Feature Story | 31-Mar-2005

Understanding the mysteries of high-temperature superconductors

DOE/SLAC National Accelerator Laboratory



The electronic states in a high-temperature superconducting material are strongest along the diagonal momentum direction. (Image by Donghui Lu)
Click here for a high resolution photograph.

High-temperature superconductors (HTSCs) operate in mysterious ways, but scientists are starting to understand their peculiarities by using a state-of-the-art spectroscopy system at SSRL.

One of the biggest mysteries is how a material that starts as an insulator—which does not conduct electricity—can become a high-temperature superconductor after being doped with electric carriers. Researchers Kyle Shen and Donghui Lu (both ESRD), working in Zhi-xun Shen’s group at SSRL and Stanford, looked at the evolution from insulator to superconductor by studying an HTSC material at different doping concentrations, including ones that are insulating. The team used angle-resolved photoemission spectroscopy (ARPES), a method of probing the electronic states in solids.

Their results, published in Science magazine on February 11, contribute to creating a fundamental understanding of the perplexing physics of HTSCs.

“The materials were discovered almost 20 years ago, but they are very complicated and not well understood,” Lu said. “We’d like to have a microscopic theory that tells us why they can be superconducting at a temperature much higher than conventional superconductors, and thereby how to improve the materials.”
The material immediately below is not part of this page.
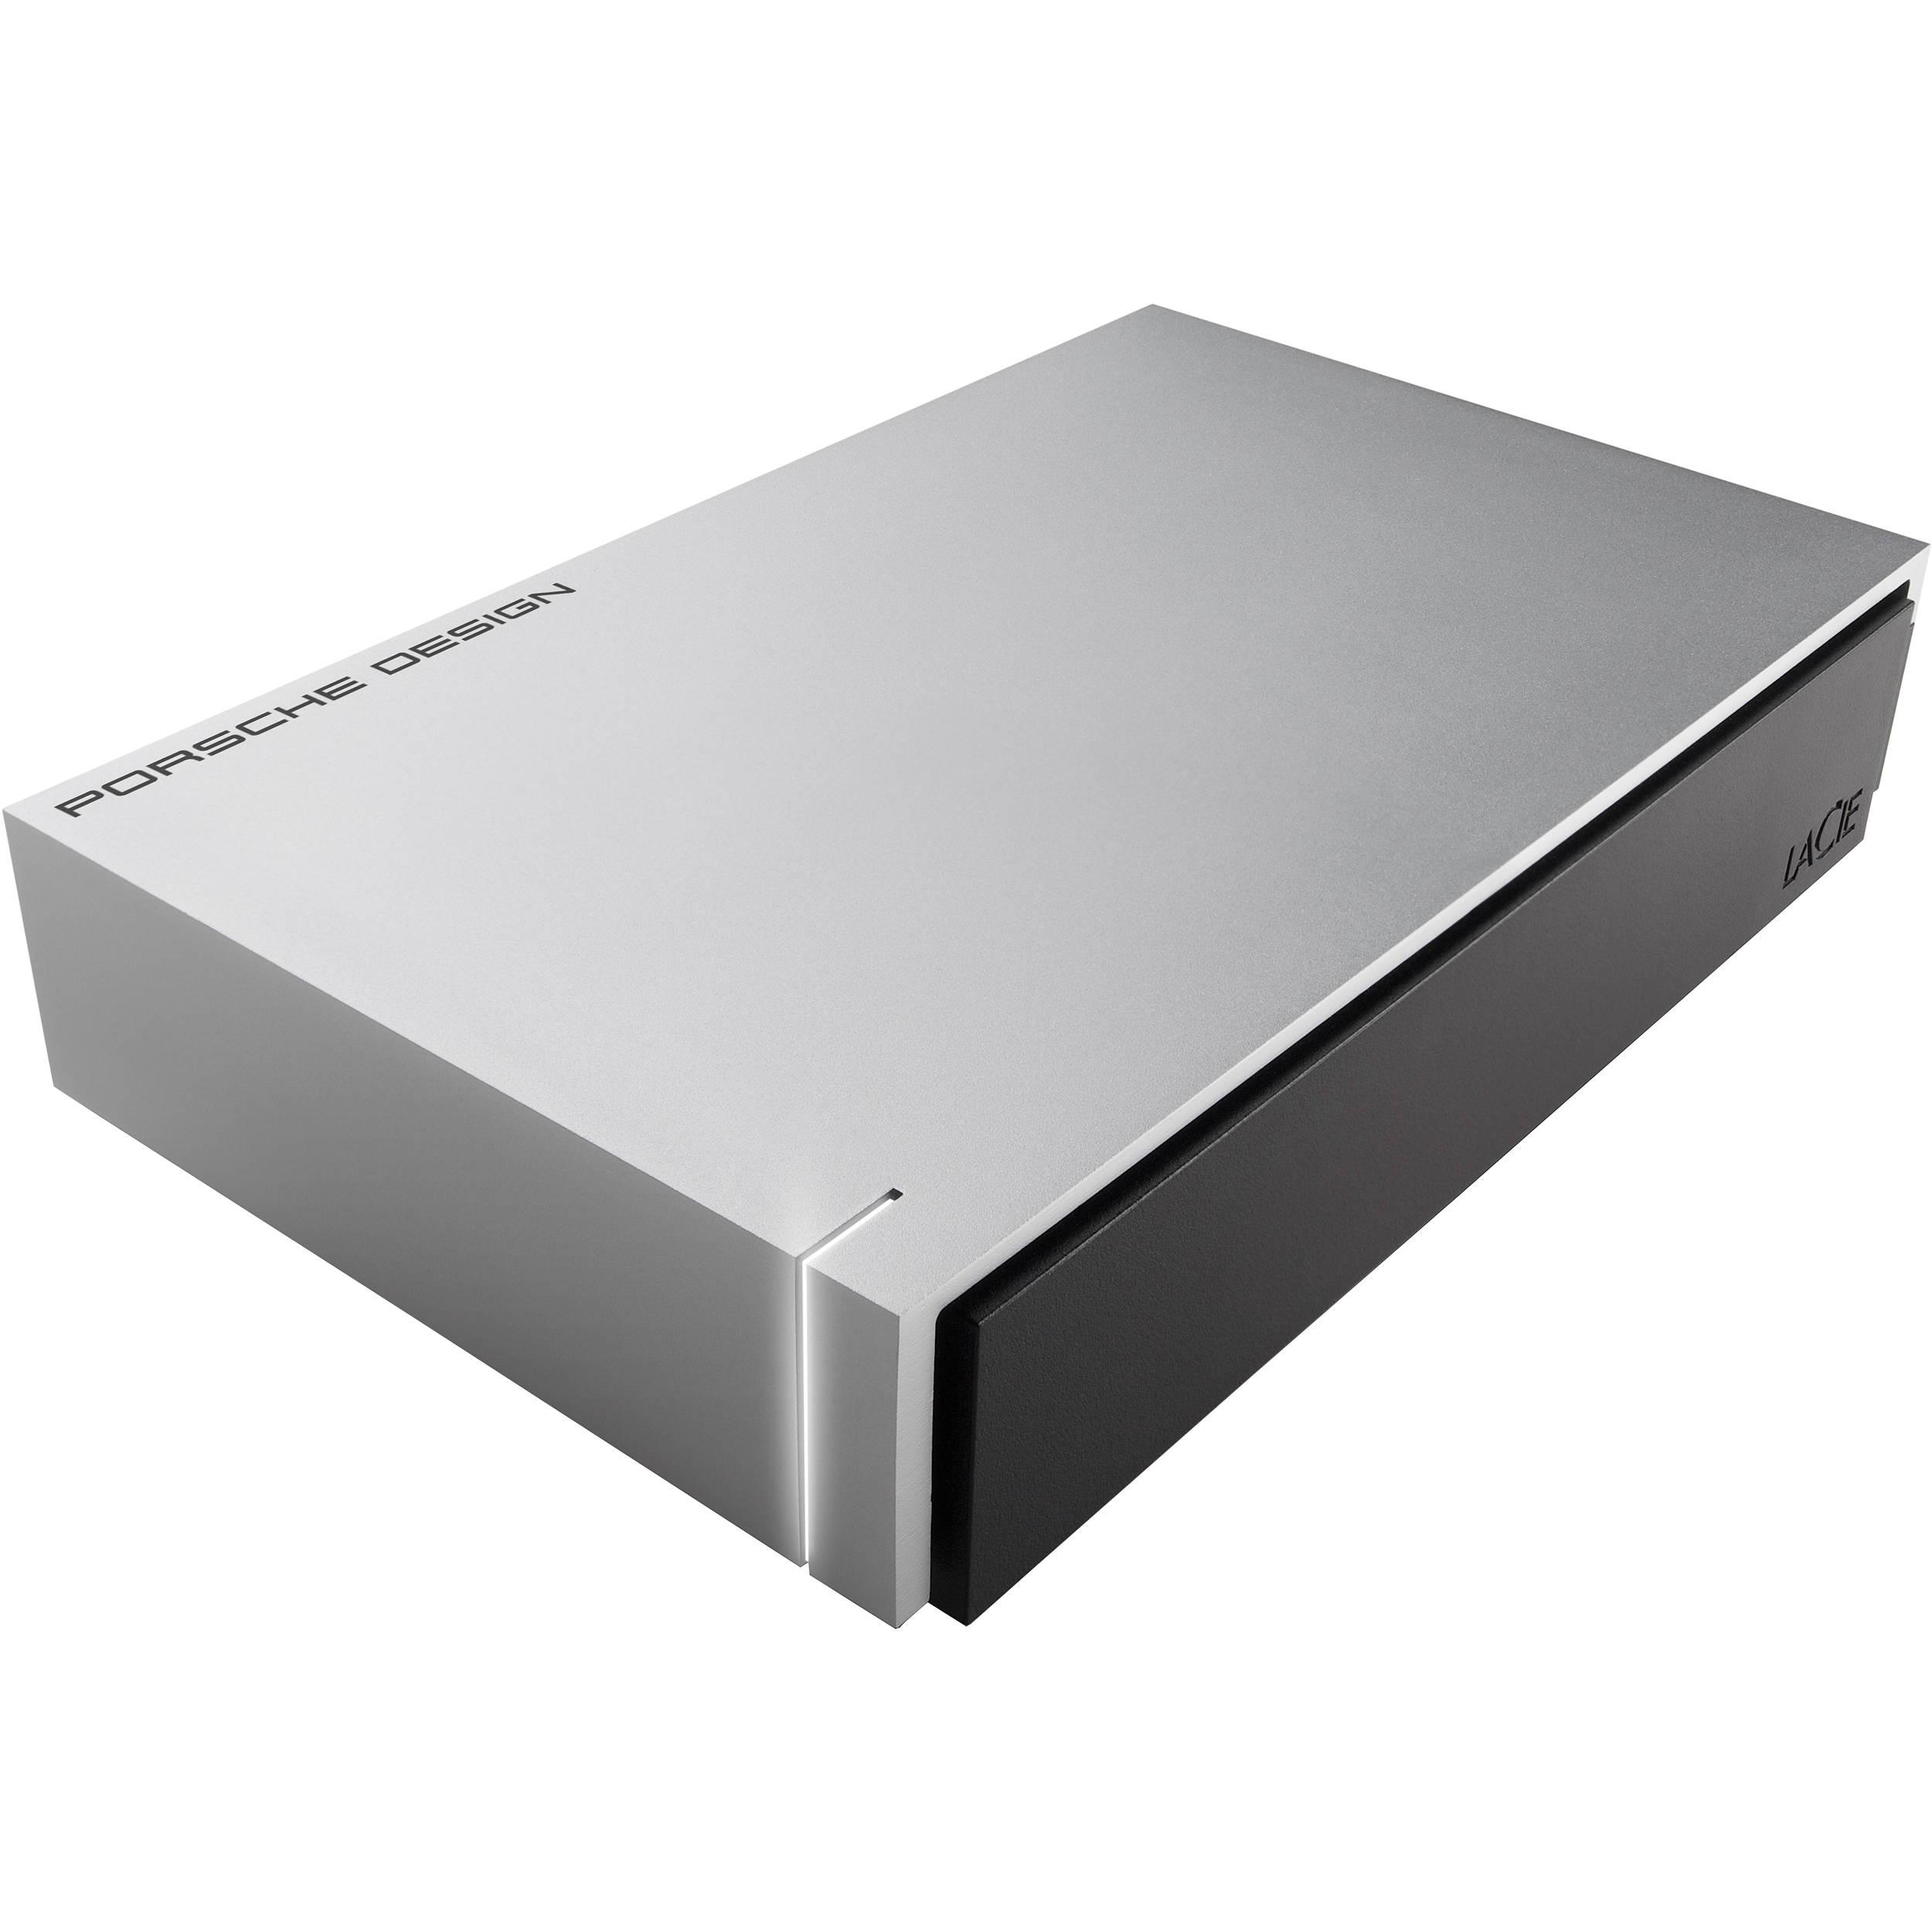 Ext. HDD LaCie Porsche Design Desktop 4TB USB 3.0

HTSCs have huge potential for industry because they conduct electrical current without heat loss, yet need to be cooled only to liquid nitrogen temperatures (77 Kelvin) rather than the liquid helium temperatures (4 Kelvin) needed for conventional superconductors. While still chilly, that ‘high’ temperature is much less expensive to reach. HTSCs are used in niche applications, as the materials are currently too brittle for widespread use.

Below the superconducting transition temperature, electrons pair up and travel free of resistance. The pairs in conventional superconductors join up through well-understood interactions. In HTSCs, however, it is unclear what mechanism causes the electrons to pair up.

One clue came from another group that used scanning tunneling microscopy (STM) to look at where the electrons were distributed across the two-dimensional sheets that make up the HTSC material. They discovered an interesting checkerboard pattern, indicating an unusual charge ordering (the repeating pattern or arrangement of electrons).

The ARPES data added to the unexpected picture. It revealed electronic states that were much stronger along the nodal momentum direction (diagonal to the checkerboard squares) than along the anti-nodal (straight) direction. The anti-nodal direction is the one in which superconductivity is the strongest and where charge ordering manifests.

“The fact that there are fewer electronic states along the anti-nodal direction is surprising,” Lu said. “We thought they would be stronger to give rise to the checkerboard pattern observed by STM.” These results show that the difference in momentum direction is important to electronic structure, and therefore put strong constraints on proposed models trying to explain how HTSCs work.